Spotlighting the underlying driver to these perpetual cycles of struggles to keep the power on, the Joint Center for Political and Economic Studies last month published an alarming report that cited “37% of low-income households struggling to address energy needs did not seek medical or dental attention, 34% did not fill medical prescriptions or failed to take the recommended dosages, 33%  used an oven or stove to heat the home, 24% did not consume food for at least one day, 23%  maintained a home temperature that was unhealthy or unsafe, and 19%  became ill due to low home temperatures.”


Noting the crippling impact this poverty can have within the household, the Center noted that “without energy service, low-income households find it difficult to function. Energy is necessary to stay warm in the winter, avoid heat stroke on dangerously hot summer days, refrigerate perishables, cook food, and power home medical devices.  Adults and children need energy service at home a to be productive at work and school.”  Closing with a review of the slide in funding over the past few fiscal years, the Center pinned the percentage of decline in funding to a staggering “30% and the number of households served has declined by 14%.  In FY 2015, LIHEAP received $3.39 billion in congressional funding, but only $3.36 billion in FY 2016.  For FY 2017, the House Appropriations Committee proposed $3.49 billion for LIHEAP funding, while the Senate Appropriations Committee proposed $3.36 billion.”

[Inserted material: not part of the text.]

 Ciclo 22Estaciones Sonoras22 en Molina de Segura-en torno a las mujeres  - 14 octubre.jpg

Meanwhile, as news raced across the Heartland and out West, elected officials were working alongside community action agencies and related advocates to spread the word of the availabilty of assistance, with Indiana State Rep. Joseph Petrarca sounding the alarm to his constituent households that “while it’s been a relatively mild winter so far, I urge anyone who may be eligible to inquire before the March 31 application deadline.  LIHEAP offers one-time cash grants of $200 to $1,000 that are sent directly to the utility company, and crisis benefits of $25 to $500 for households in immediate danger of losing heat.”  Out in Oregon, the issue wasn’t assistance still available that wasn’t being claimed but rather the dilemma facing local CAAs of running out of funding early, with KTVZ reporting that as a consequence, a popular LIHEAP center, Neighbor Impact, was being forced to shut down early because “the funds provided through the federal Low Income Home Energy Assistance Program (LIHEAP) have been exhausted this year and there has been no word on if or when the federal government will be releasing additional funds, the agency said. In the past, NeighborImpact has received an additional 10 percent allocation to help clients.”

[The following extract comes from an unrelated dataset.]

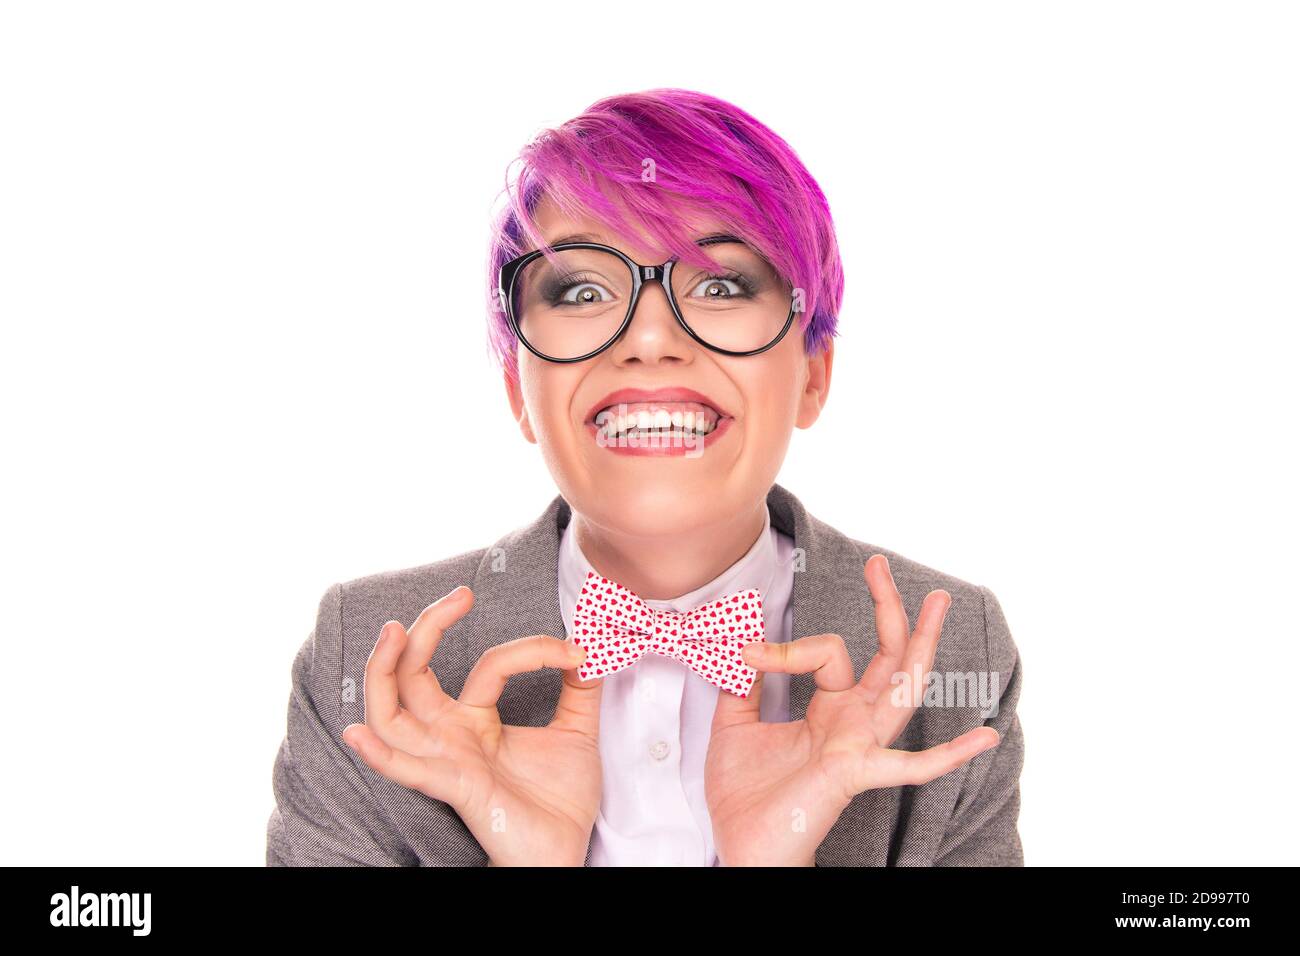 Aufgeregt Nerd. Portrait von lustigen jungen Mädchen Frau mit magenta lila rosa Haar halten Fliege mit Fingern zeigt es auf Sie Kamera lachend Stockfoto

Seeking to keep the door open as long as possible to take appointments from families still needing assistance, Energy Assistance Program manager Joyce Cranston explained that an additional contributor had been the overflow of families helped this fall, explaining that “our program has been hit hard this season due to the weather.  Between October 1, 2016 and February 8, 2017 we have served 5,226 people in our Energy Assistance program.  We have pledged over $1.3 million from our state and federal funding for energy assistance already this season.  These pledges have spent out our federal LIHEAP funds.  We are trying to keep up, but the need for assistance has far outpaced the funding we have available.  NeighborImpact will continue to receive monthly OEA funding, however, that funding is restricted to Pacific Power customers and will be available on a first-come, first-served basis each month.  We have also had to reduce staffing and cut back on the number of appointments we take.”